Спустившись в эту долину, мы увидели деда, он стоял среди подсолнухов, прикрыв глаза от солнца рукой и глядя в нашу сторону. Вначале мы оба приняли эту фигуру за чучело, какие обычно ставят на огородах от воробьёв. Толстый, красный, в широкой синей рубахе с паклей седых волос на голове. Он долго стоял неподвижно бесформенным пугалом, пока мы не подошли вплотную.
– Фу ты! Никак Егор? – ворчливо встретил нас дед и повёл внука с его велосипедом в дом, к бабке, не обращая на меня никакого внимания.
На кухне гостей встретили радостно и сама бабка, и кухарка Дарья, обе засуетились возле печки, желая угостить нас на славу.

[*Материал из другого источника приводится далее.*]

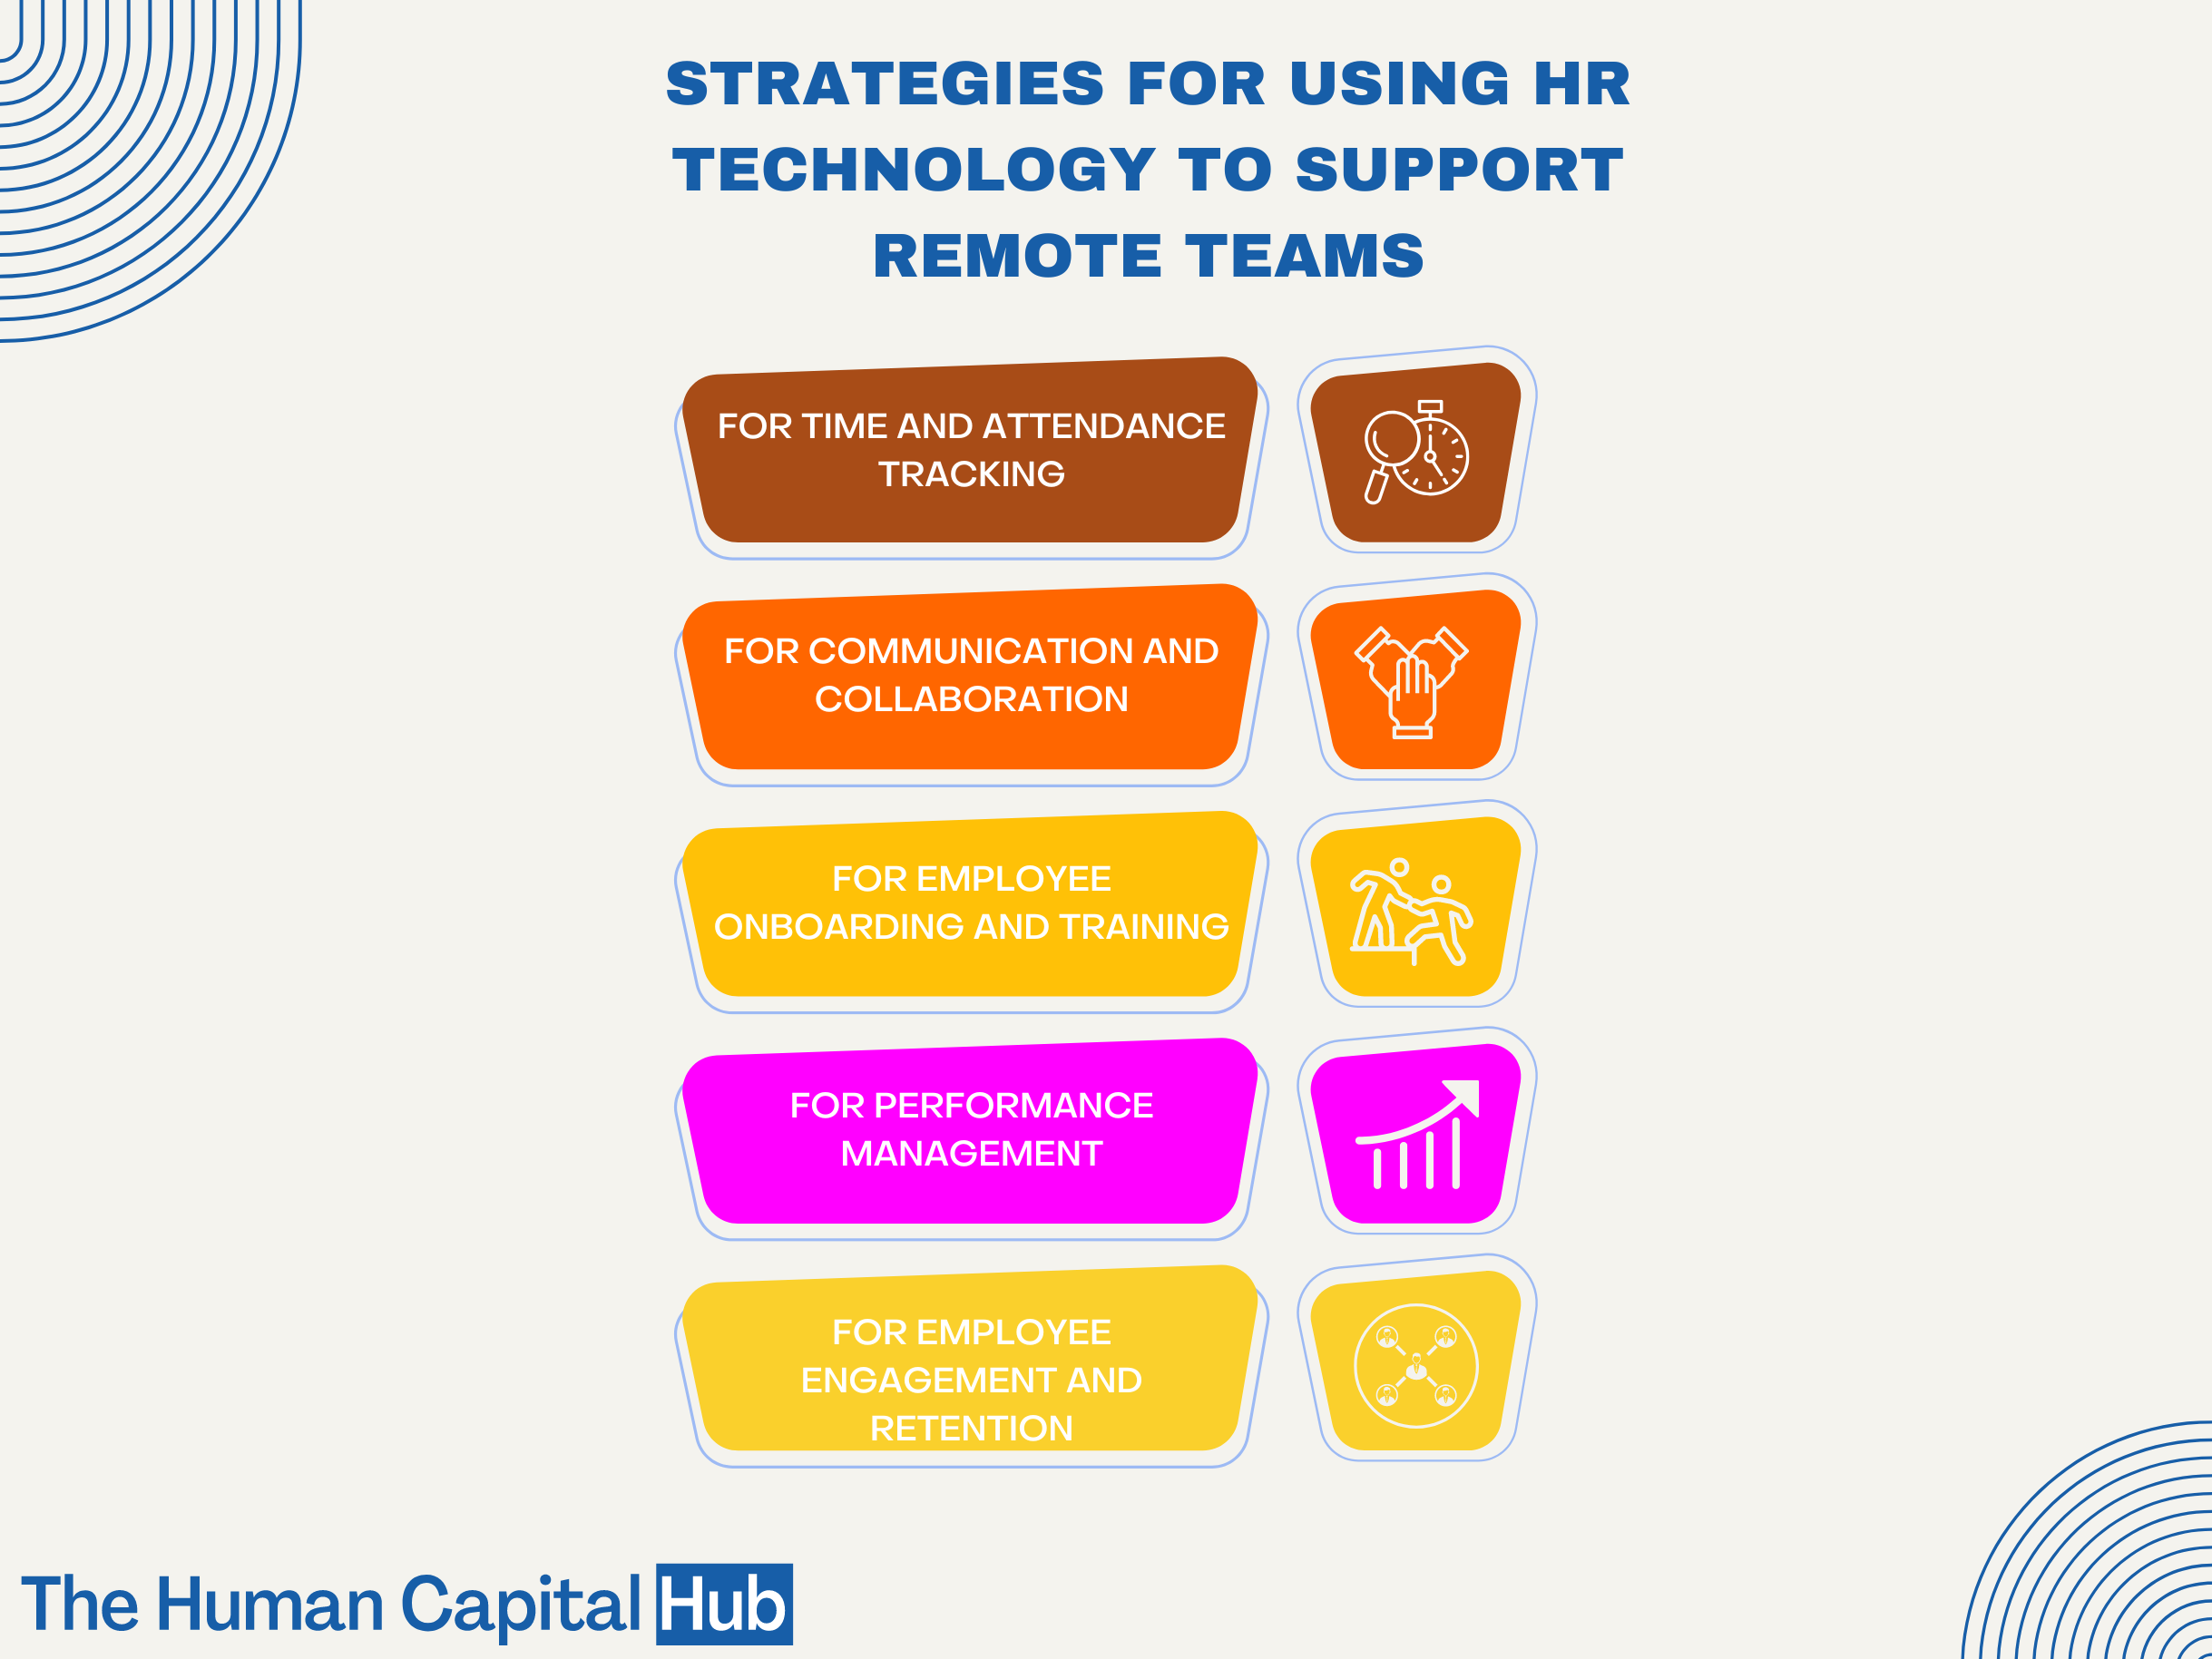 Strategies for using HR Technology to support remote teams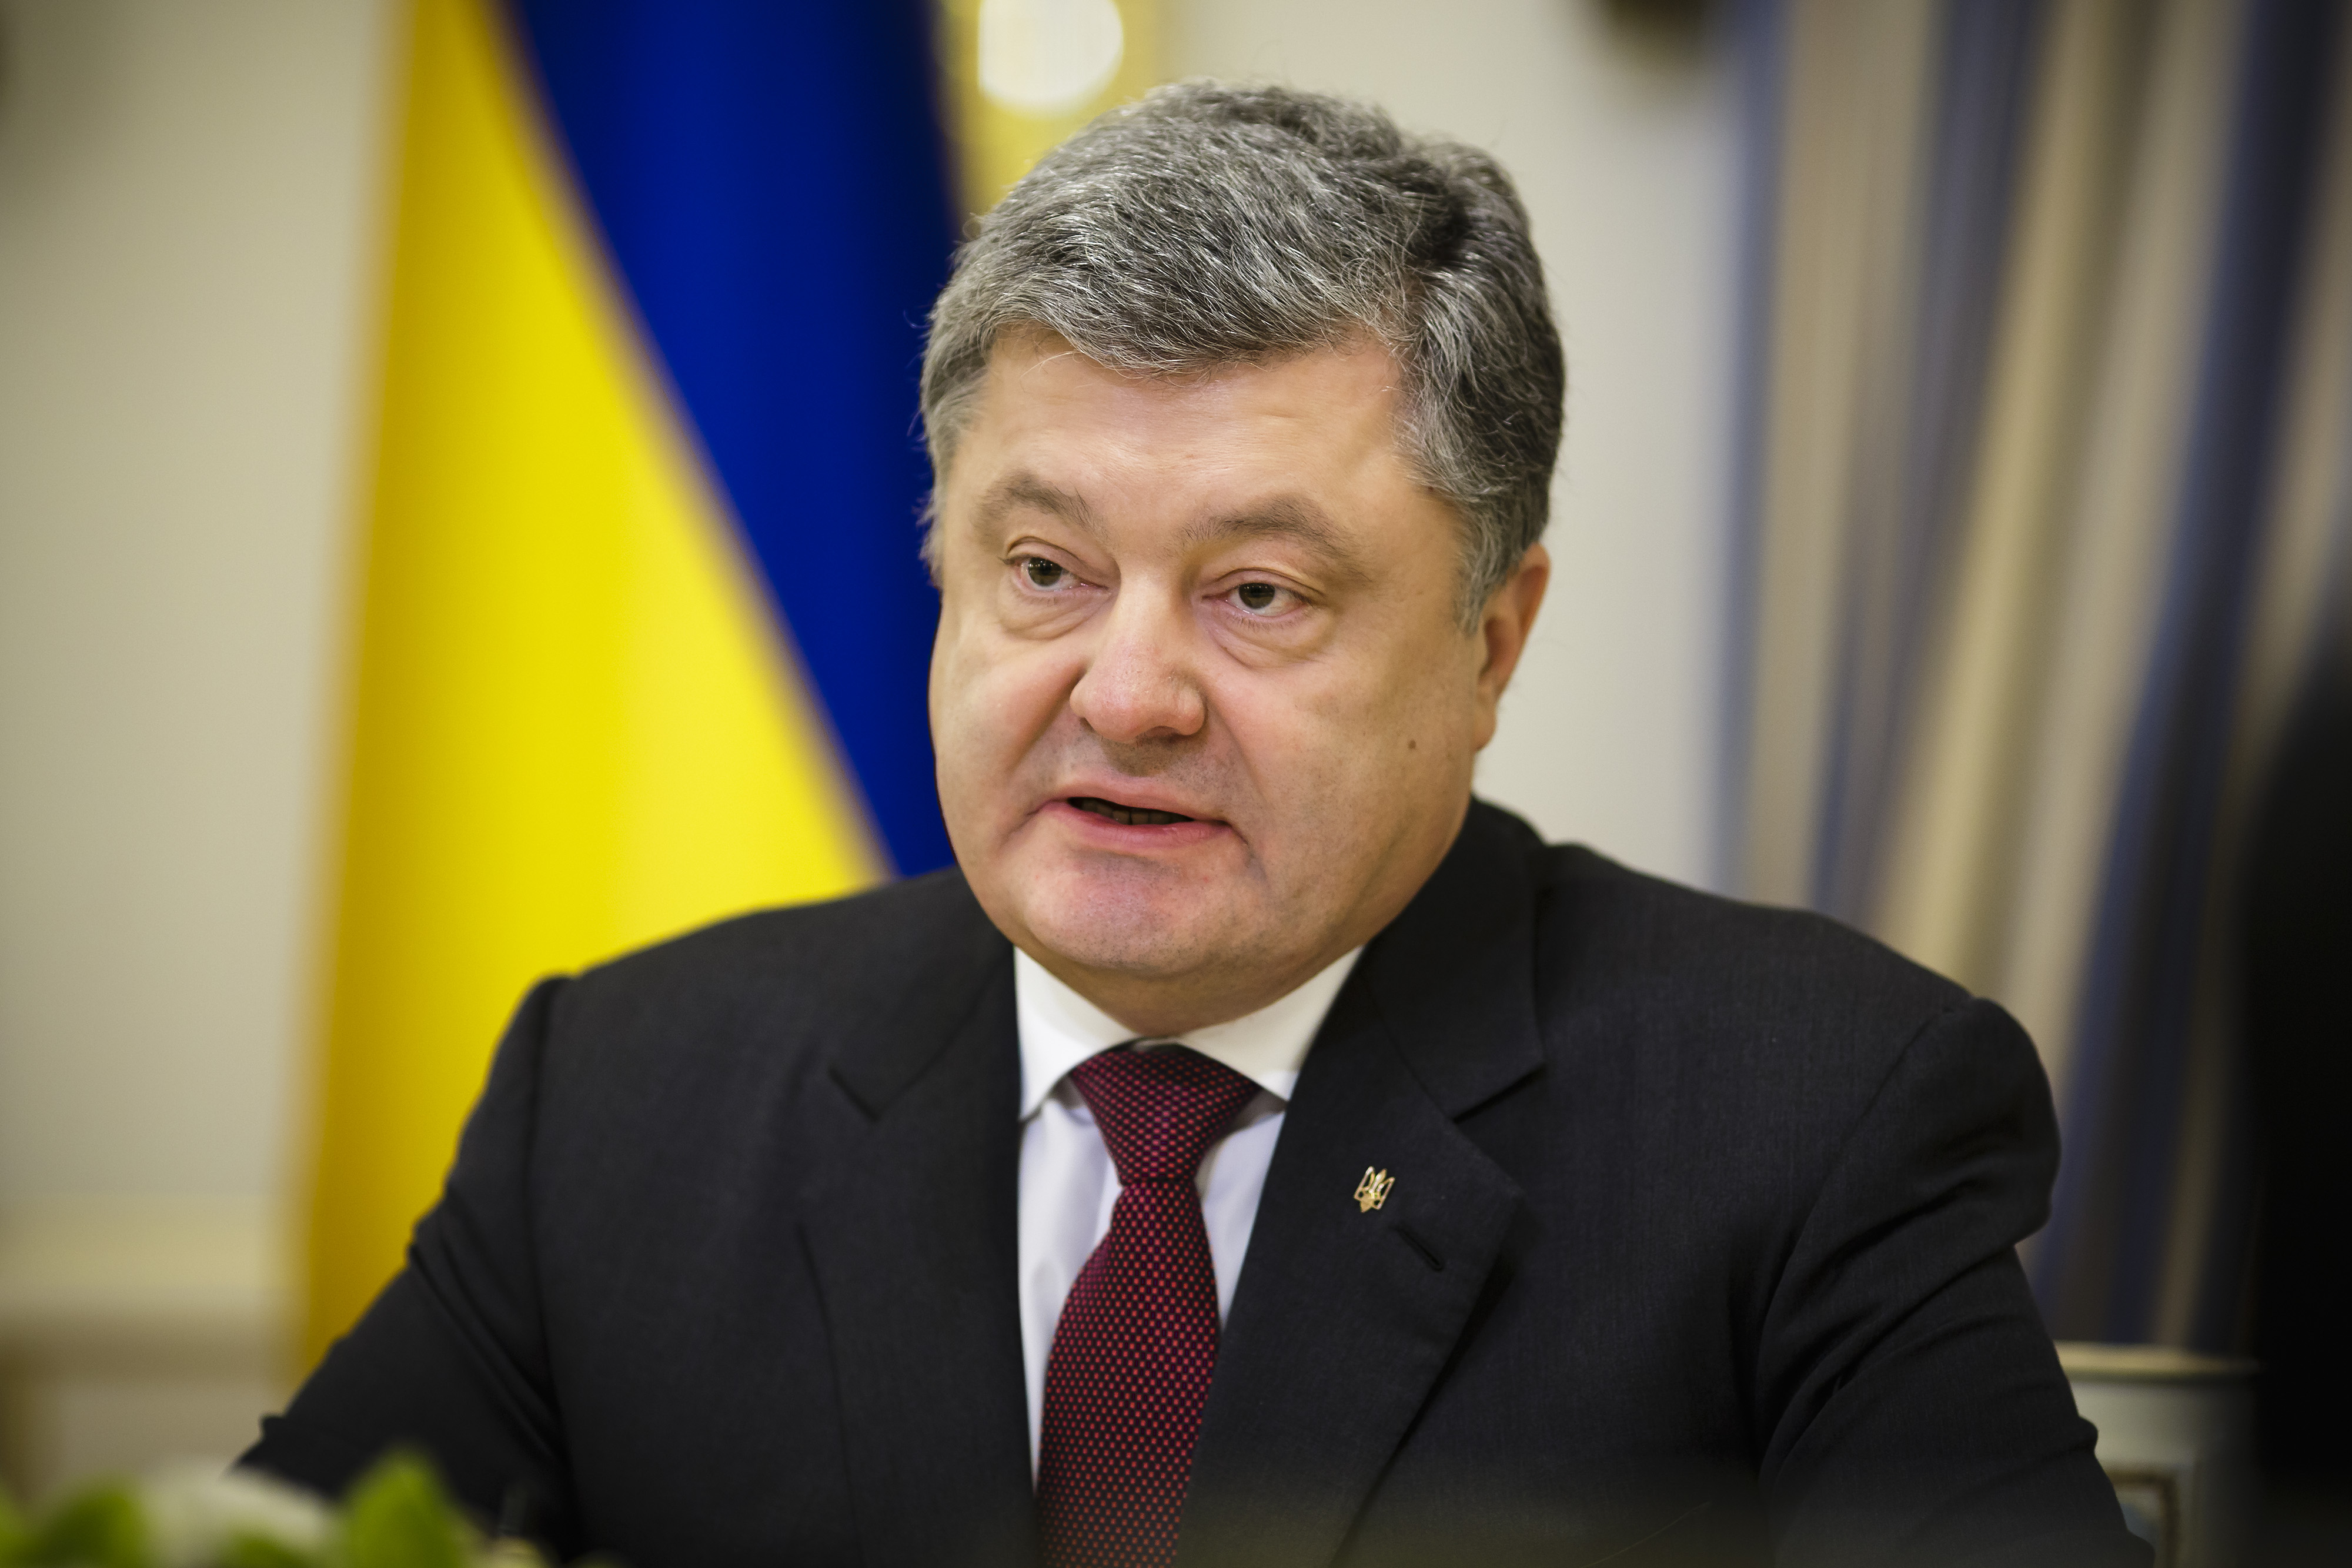 President of Ukraine Petro Poroschenko on March 02, 2017 in Kiev, Ukraine. Gabriel is on a two-day trip to conduct talks with government representatives. (Thomas Trutschel—Photothek via Getty Images)

Несмотря на долгую прожитую жизнь, дед Георгия был наивен и чудоковат, как ребёнок. Недолго думая, он решил отправиться вместе с нами на реку – нам необходимо было отмыться от пыли. Оставив деда на берегу, мы, спрятавшись в камышах, вымазались с головы до ног в чёрный ил и в таком виде заявились к нему. Успев раздеться и войти в воду по колено, дед стоял неподвижно в раздумье, как и раньше в огороде среди подсолнухов, но, увидя нас, подбиравшихся к нему со страшными рожами и кривляниями, испуганно воскликнул: «Свят! Свят!» – и бросился к берегу, осеняя себя крёстным знамением. После за столом дед жаловался бабке:
– Они, мать, вот что удумали: прикинулись чертями и пужали меня.
– Сидишь ты под святыми иконами, а выражаешься как?! – останавливала бабка муженька.
– Да ведь как же? – не унимался дед. – Нажрались этой бздники и весь берег мне запакостили.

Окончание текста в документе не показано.